DATASET EXTRACT:
----

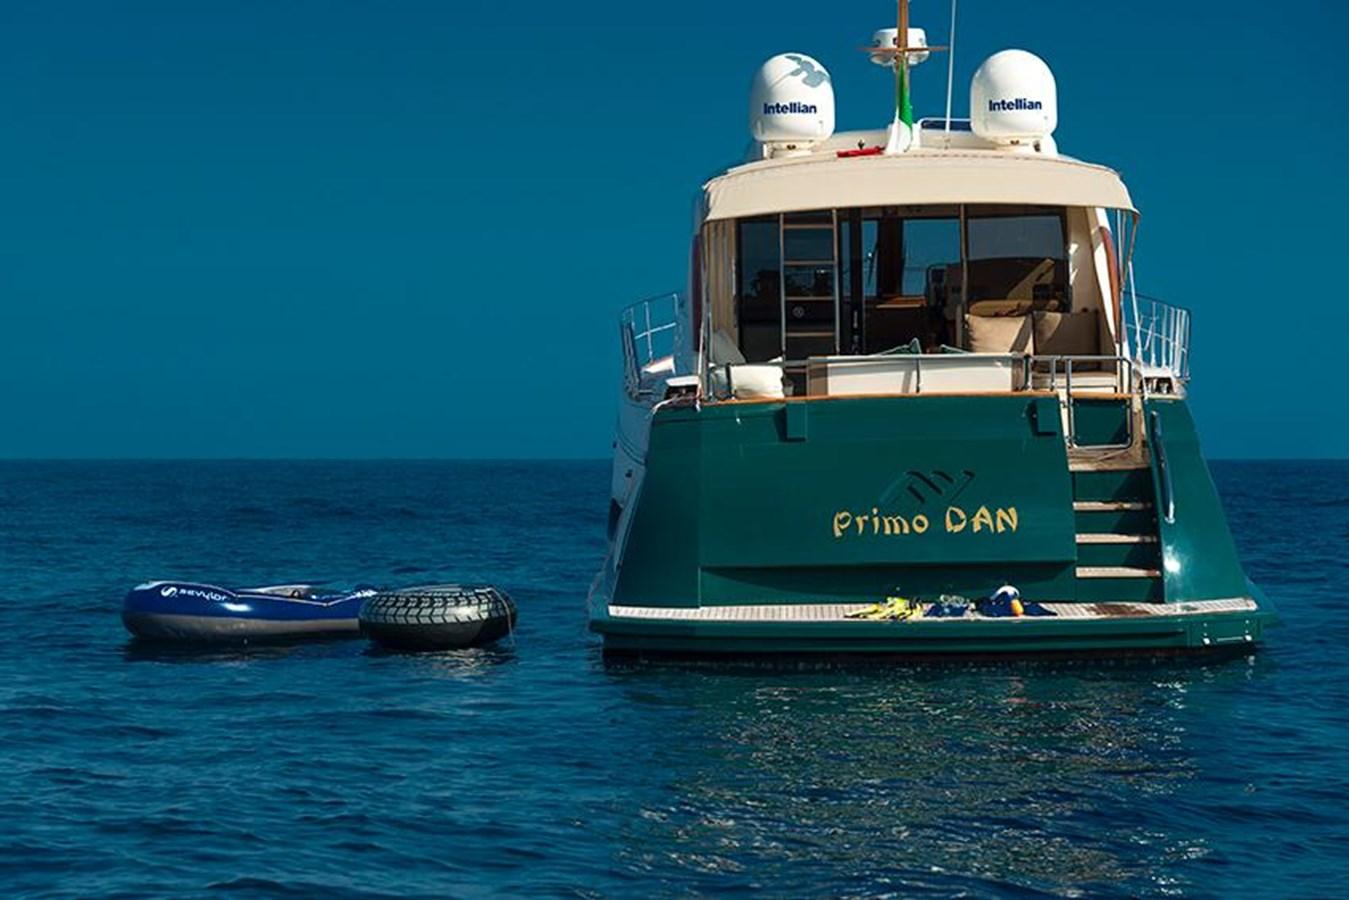 IMG-20200304-WA0013 2011 ABATI YACHTS kEYPORT 60 Motor Yacht 2879773
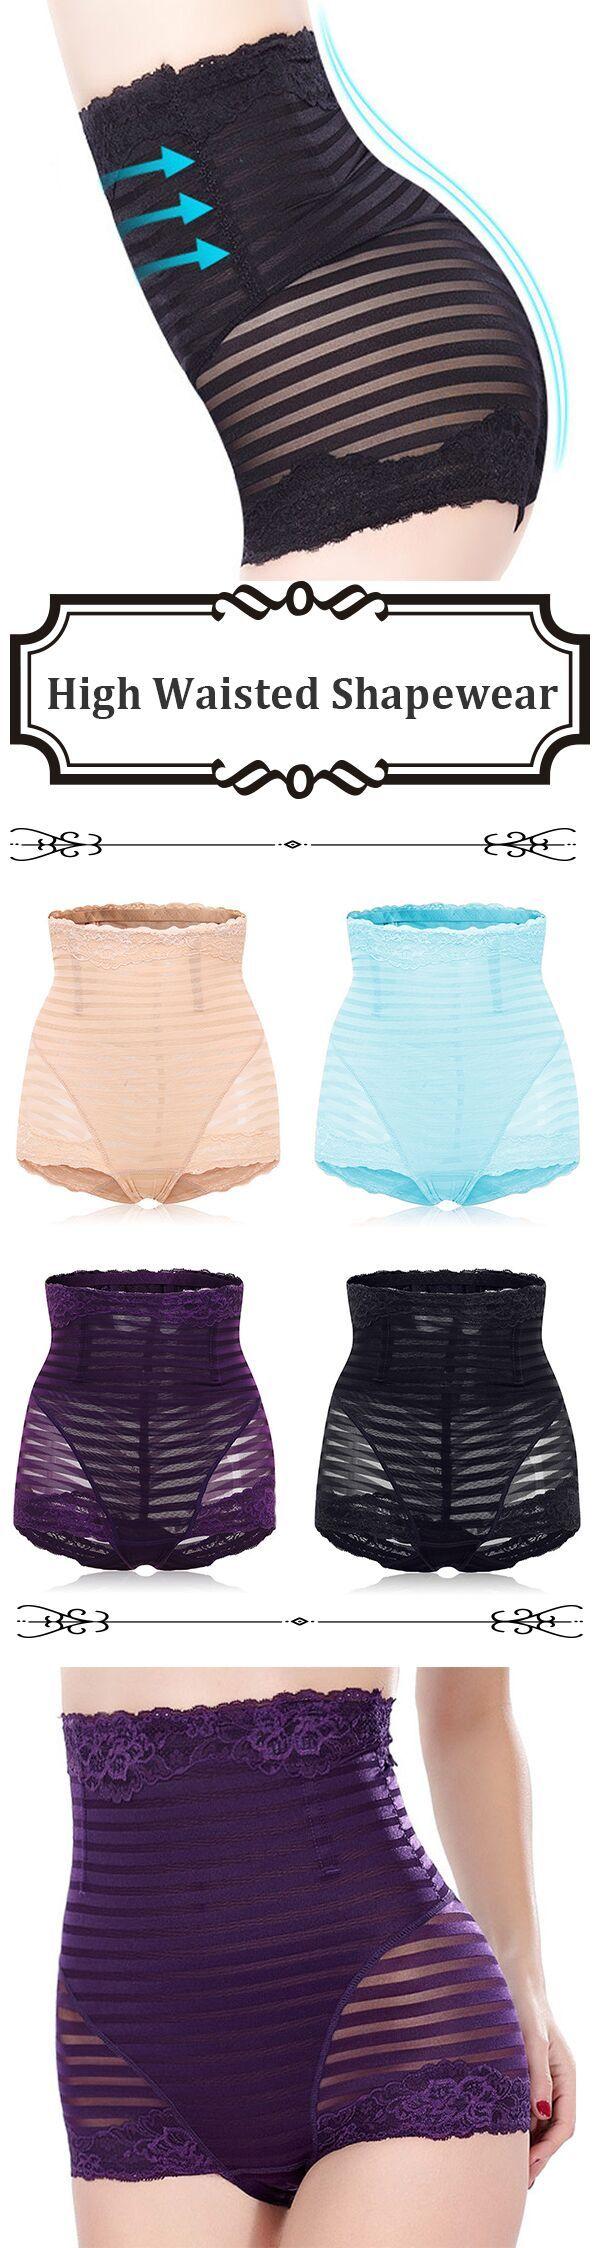 US$ 6.88 High Waisted Tummy Tuck Solid Color Shapewear Briefs Underwear
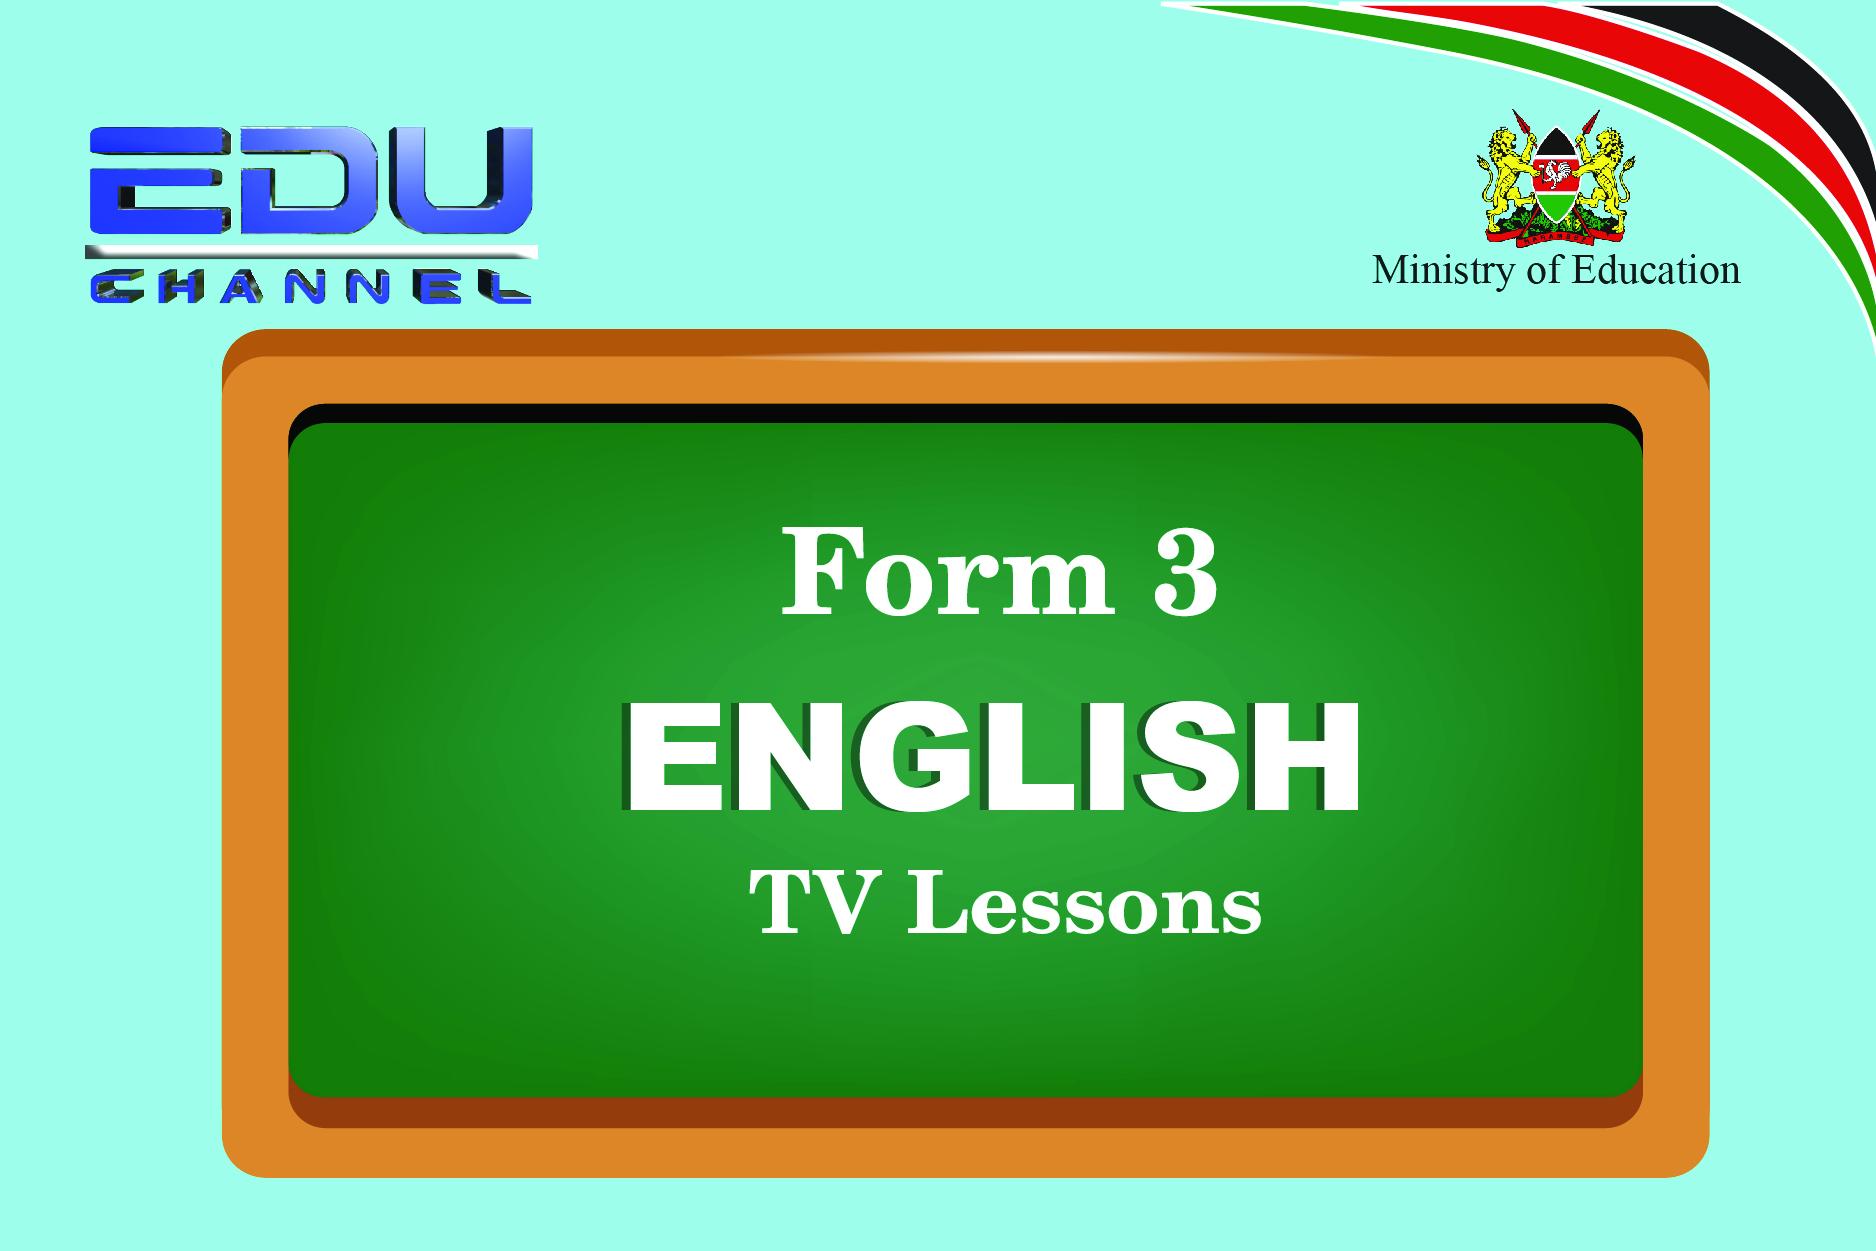 Form 3 English Lesson 2: Oral Skills Stress
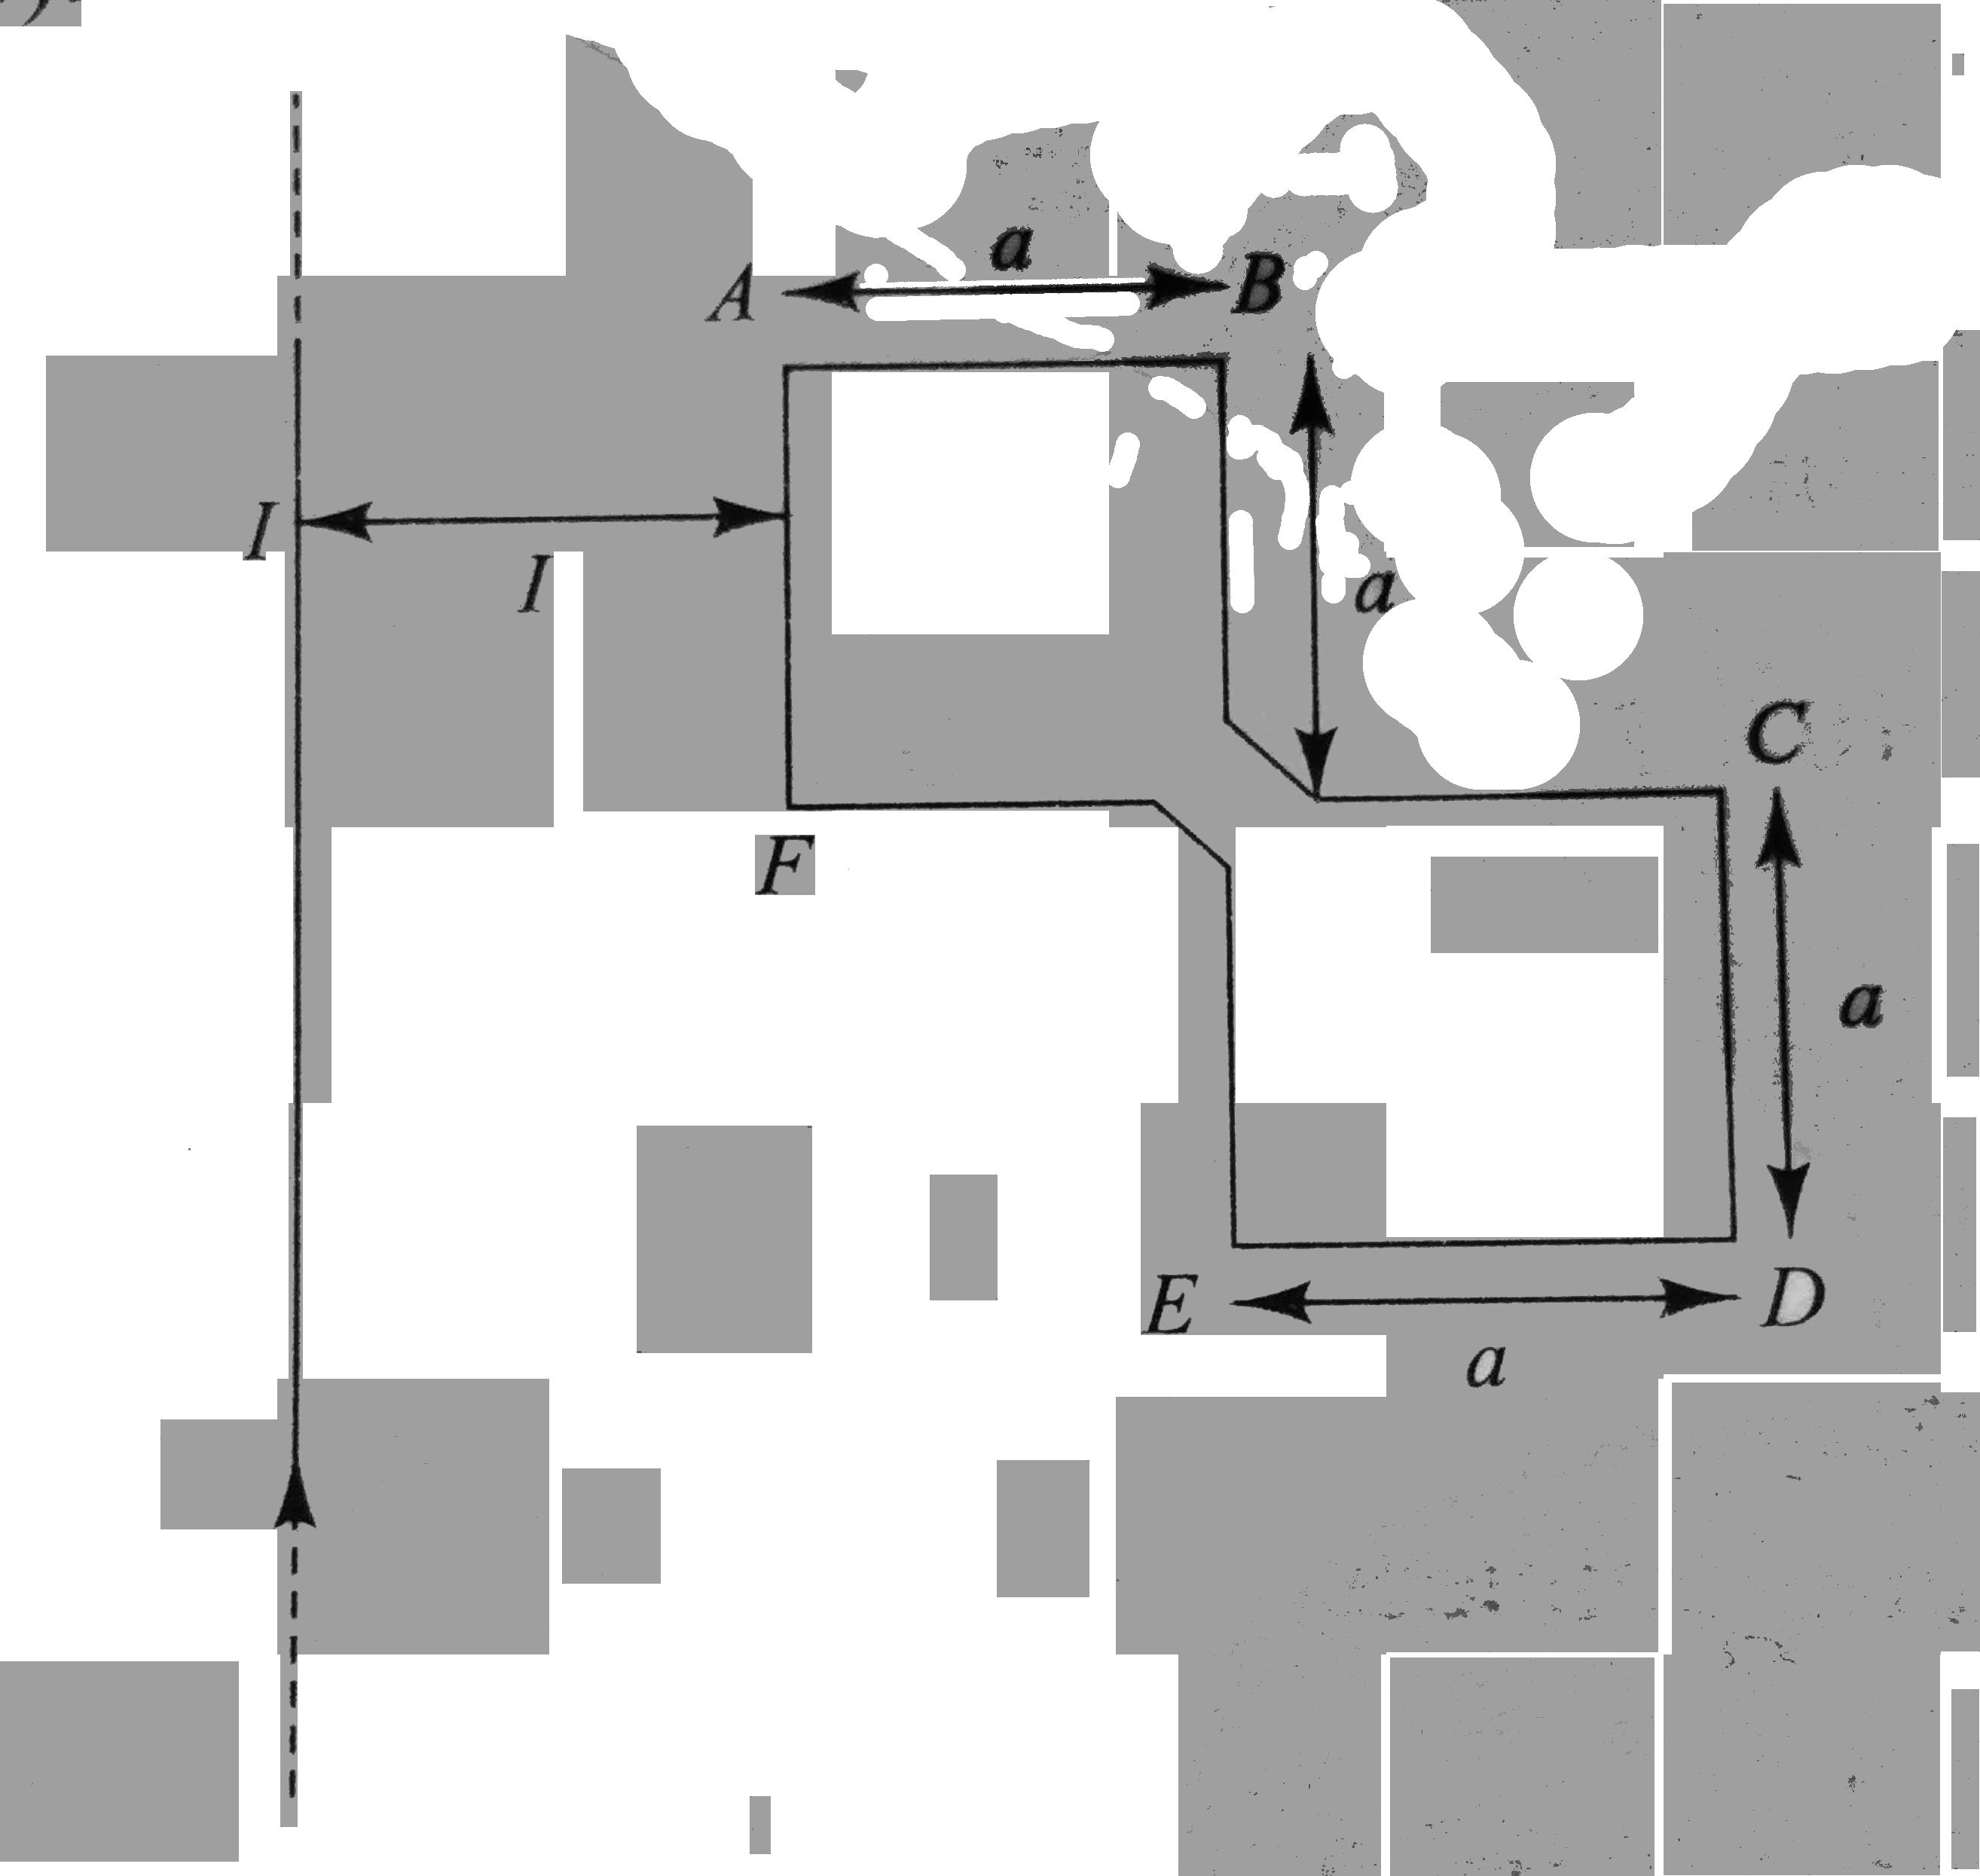 T Loop Wiring Diagram - Diagrams Catalogue Ab C D Circuit Diagram on

----

Your output should be only the lines from the line with "Form 3 English Lesson 2: Oral Skills Stress" through the end of the data, exactly as they stand, and no pictures.

EXPECTED OUTPUT:
 Form 3 English Lesson 2: Oral Skills Stress
 T Loop Wiring Diagram - Diagrams Catalogue Ab C D Circuit Diagram on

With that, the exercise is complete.